Could electronic vehicle finance contracts finally become a dealership norm as giants Toyota Financial Services and Ford Motor Credit Co. join other captive finance companies in adopting e-contracting?
Are e-contracts finally catching on?
Electronic contracts are speedier than paper, which helps dealerships get funded faster. And they're more accurate because customer data must be entered only once to populate multiple fields, thus reducing typographical errors. Record storage is easier, too.
E-contracting has been around since at least the mid-1990s, but the practice has been slow to catch on despite the benefits. Lenders didn't want to switch to e-contracts until dealerships were willing to sign up, and dealerships didn't want to sign up with only a few lenders participating. That situation is starting to change.
"For us, this is brand-new," says Mike Groff, senior vice president of sales, marketing and product development at Toyota Financial Services.
Toyota Financial Services, which services the Toyota, Lexus and Scion brands, is signing up dealers and rolling out e-contracting nationwide this year after launching a pilot program last year. Development work took place over the past two to three years, says Groff, who will become CEO of Toyota Financial when George Borst retires at the end of this month.
The captive's monthly electronic vehicle finance contract volume this year grew from about 500 in January to 15,000 in June, or about 15 percent of total volume, he says.
Groff says several factors have slowed industrywide adoption of e-contracting, including:
- Costs for dealers and lenders to develop processes, especially during the recession.
- Ease of use and integration with multiple computerized systems.
- Lack of e-contracts for leases at some lenders.
- Lack of electronic documents related to a vehicle sale other than the finance contract.
Also hampering widespread adoption of e-contracts has been a perception on the part of auto buyers that their personal information is safer when documents are signed in person, F&I experts say.
But Brad Rogers, COO of RouteOne, says the outlook for e-contracting is improving. The company, which routes credit applications electronically between dealerships and lenders, also offers e-contracting.
Rogers says RouteOne's e-contracting volume more than doubled in the first half of this year to about 250,000, from fewer than 100,000 in the 2012 period. Through mid-August, booked e-contracts were more than 300,000, with 3,721 dealerships enrolled, the company says.
"We will blow past half a million e-contracts in 2013," Rogers said in July, although he declined to break out volume by lender. RouteOne is a joint venture among Ally Financial Inc., Ford Credit, TD Auto Finance and Toyota Financial Services.
Ford Credit rolled out e-contracting nationwide last year, after starting with a pilot program in 2006. The company doesn't disclose e-contract volume, spokeswoman Margaret Mellott says.

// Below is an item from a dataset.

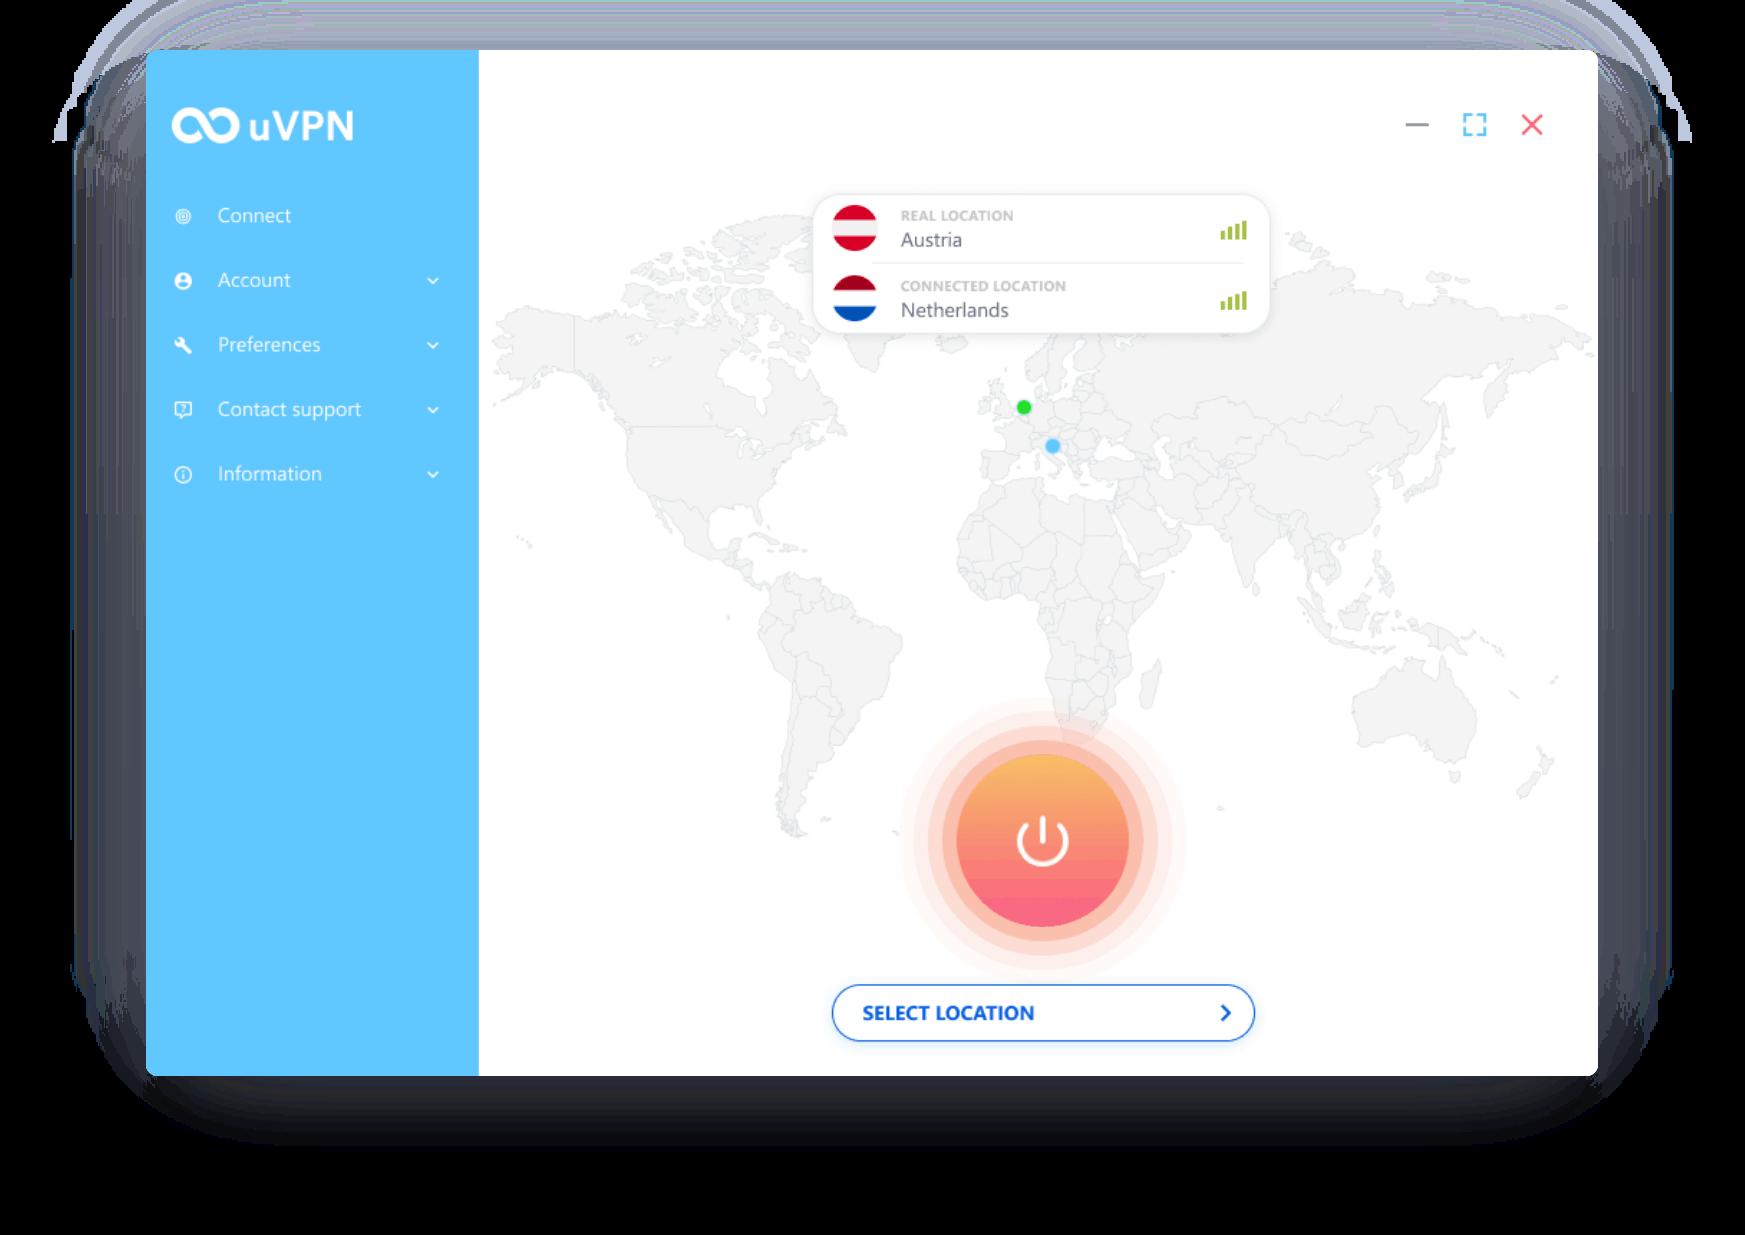 Download VPN for Windows

Ford Credit should easily book more than 1 million finance contracts in the United States this year. Through the first half, the company originated about 540,000 loans and leases, representing 37 percent penetration of Ford and Lincoln dealer volume.
Other captive finance companies are adopting e-contracting, too.
BMW Group Financial Services says more than half its 339 U.S. BMW-brand dealers have signed up for e-contracting. BMW stores that participate used e-contracts for about 75 percent of their volume in 2012, says Steve Swecker, BMW Financial's general manager of sales analytics.
GM Financial, General Motors' captive, offers e-contracting through DealerTrack Technologies and is implementing it on the RouteOne platform, spokeswoman Chrissy Heinke says. However, "dealer adoption is poor" she said last week, and e-contracting makes up "1 percent or less" of GM Financial's volume.
Mercedes-Benz Financial Services, as a preliminary step to e-contracting, adopted a system for electronic documents last year called eValidate. The system reduces data-entry errors and increases the accuracy of information on vehicles and pricing.
VW Credit Inc., the captive finance company for Volkswagen and Audi dealers, is planning to roll out e-contracting software to dealers in some states by year end, the company says. VW Credit originated 404,947 contracts in 2012.
Some banks also are doing some e-contracting. Regional auto lender SunTrust Banks Inc. of Atlanta said e-contracting via dealers has picked up in the past 18 months after being introduced several years ago.
"There has been a slow but steady ramp-up in the use of this option," says Rocky Waldrop, senior vice president for dealer finance. He says e-contracting still represents a "small percentage" of total consumer auto finance contracts.
Chase Auto Finance uses a validation tool as a precursor to eventual e-contracting similar to Mercedes-Benz Financial. But Chase Auto doesn't offer e-contracting as such, a spokesman says.
Still, RouteOne's Rogers says e-contracting is reaching critical mass.
"If you've got a dealer's captive, that's -- what? -- 25 to 50 percent of their business depending, plus another four or five lenders that each do 10 percent of their business," he says. "Now, it's significant enough to a dealer's business."